In her letter, Governor Reynolds wrote that the bill “moves ahead of where our public health systems, regulatory frameworks, and law enforcement infrastructure are prepared to go at this time,” and that psilocybin “should first be FDA approved and rescheduled by the DEA before the State of Iowa considers rescheduling.”
“This decision is not a dismissal of the emerging science or the sincere advocacy behind this legislation,” she concludes. “Rather, it is a call for a more deliberate and Iowa-centric approach— one that engages state and federal partners, provides time to review any clinical studies and federal changes, and builds a framework for any future therapeutic access that is clear, safe, equitable, and medically sound.”
Will travel for psychedelics
Last week, Rocky Mountain Poison and Drug Safety, a division of the nonprofit Denver Health and Hospital Authority, announced results from their National Survey Investigating Hallucinogenic Trends. Between April and June 2024, researchers surveyed more than 2,100 adults online across the U.S. about their drug use. In their announcement, RMPDS did not specify how many people had used psychedelics in the last year, but mentioned that about a third of those people said they had traveled to do so, and that 43% traveled to Colorado and 29% to Oregon, while another 39% travelled internationally. Full results from the survey will be published in the Annals of Emergency Medicine later this year.
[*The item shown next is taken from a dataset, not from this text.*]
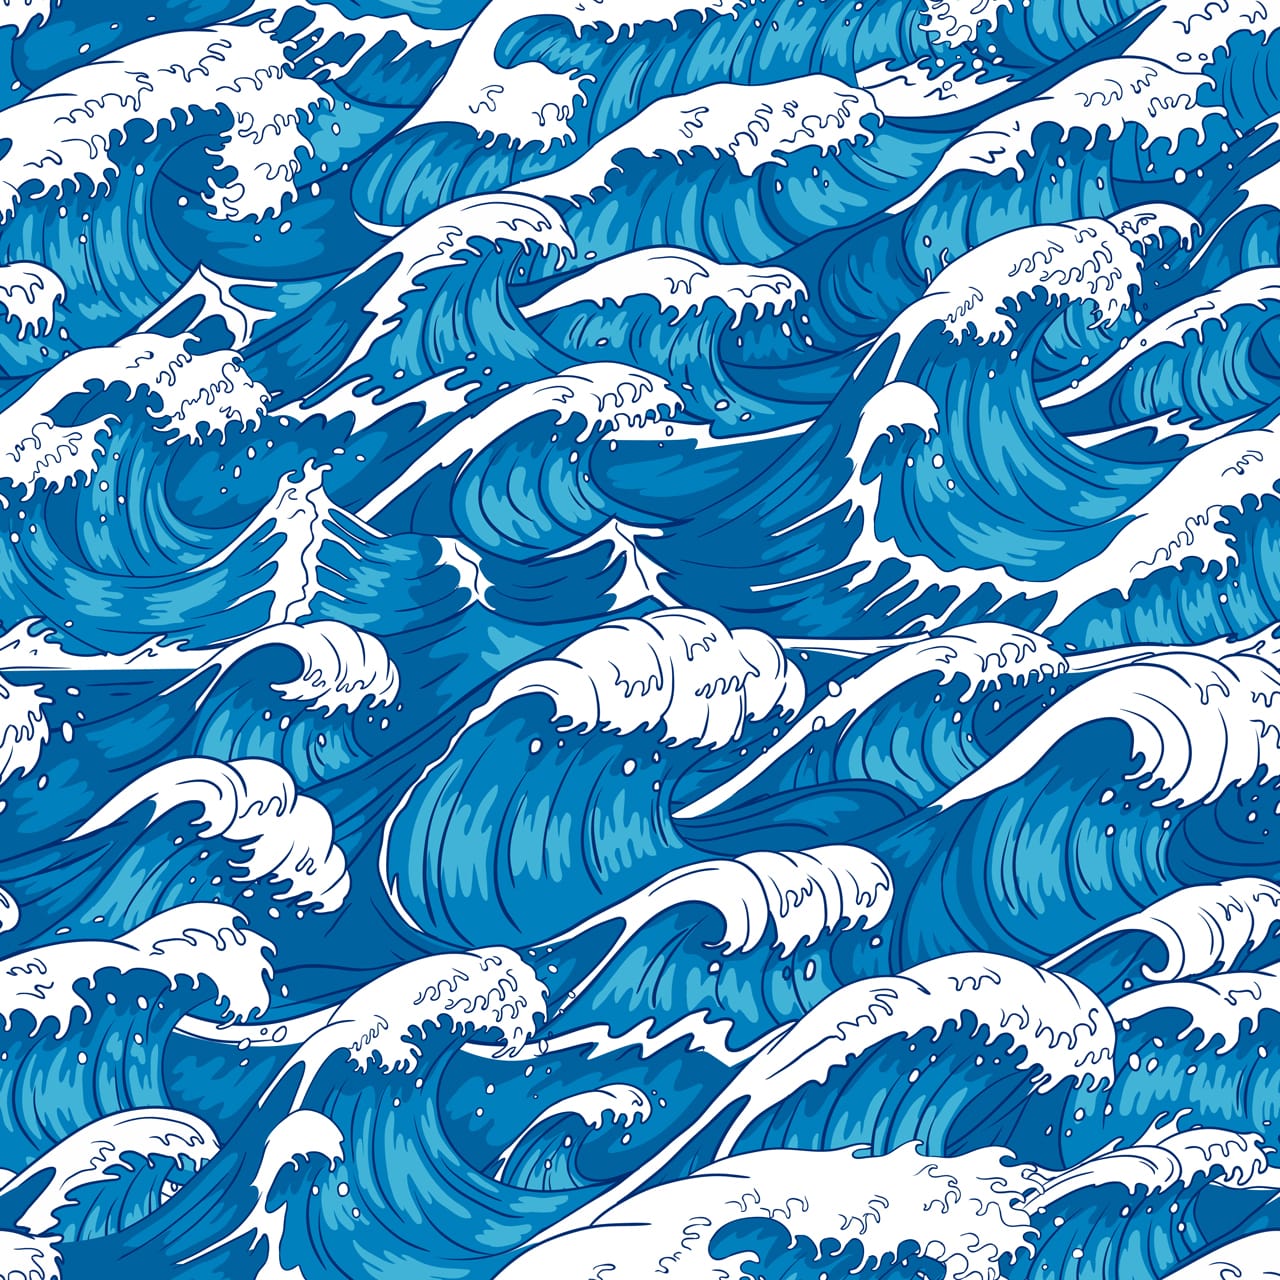 waves clip art

For New York Magazine, journalist Kimon de Greef digs into the race between Beckley Psytech and GH Research, the two companies looking to develop 5-MeO-DMT, sometimes called the “God molecule.” “The contest between Beckley and GH mirrored a conflict playing out in the psychedelics gold rush at large — one between longtime adherents and opportunistic outsiders, between the psychedelic faithful, who understood the power of the drugs, and extractive business interests, whom many believed did not,” de Greef writes.
Last year, many Massachusetts psychedelics advocates organized around Question 4, a ballot measure that would have allowed people to use and cultivate psychedelics including psilocybin, ibogaine, mescaline, and DMT. Ultimately, the measure failed, and Jack Gorsline reports for Lucid News that two former campaign staffers are alleging that New Approach and Massachusetts for Mental Health Options — the groups that largely bankrolled the Measure 4 campaign — may have violated campaign finance laws.
A 2024 meta-analysis of how psychedelics affect brain-derived neurotrophic factor (BDNF), a molecule important for neuronal plasticity, has been retracted, reports The Transmitter. The paper was originally published in the Journal of Psychopharmacology, and the retraction notice says a reader reached out to the authors with concerns, and that the authors requested that they revise the article to correct data and analyses. The journal’s editors and its publisher, SAGE, said that the requested revisions “calls into question the reliability of the original research and the conclusions.”
NPR’s All Things Considered profiles the Colorado Psychedelic Church, a “spiritual community that uses psychedelics in communal ceremonies.” As one member told the show: “It is more about the community than the substances.”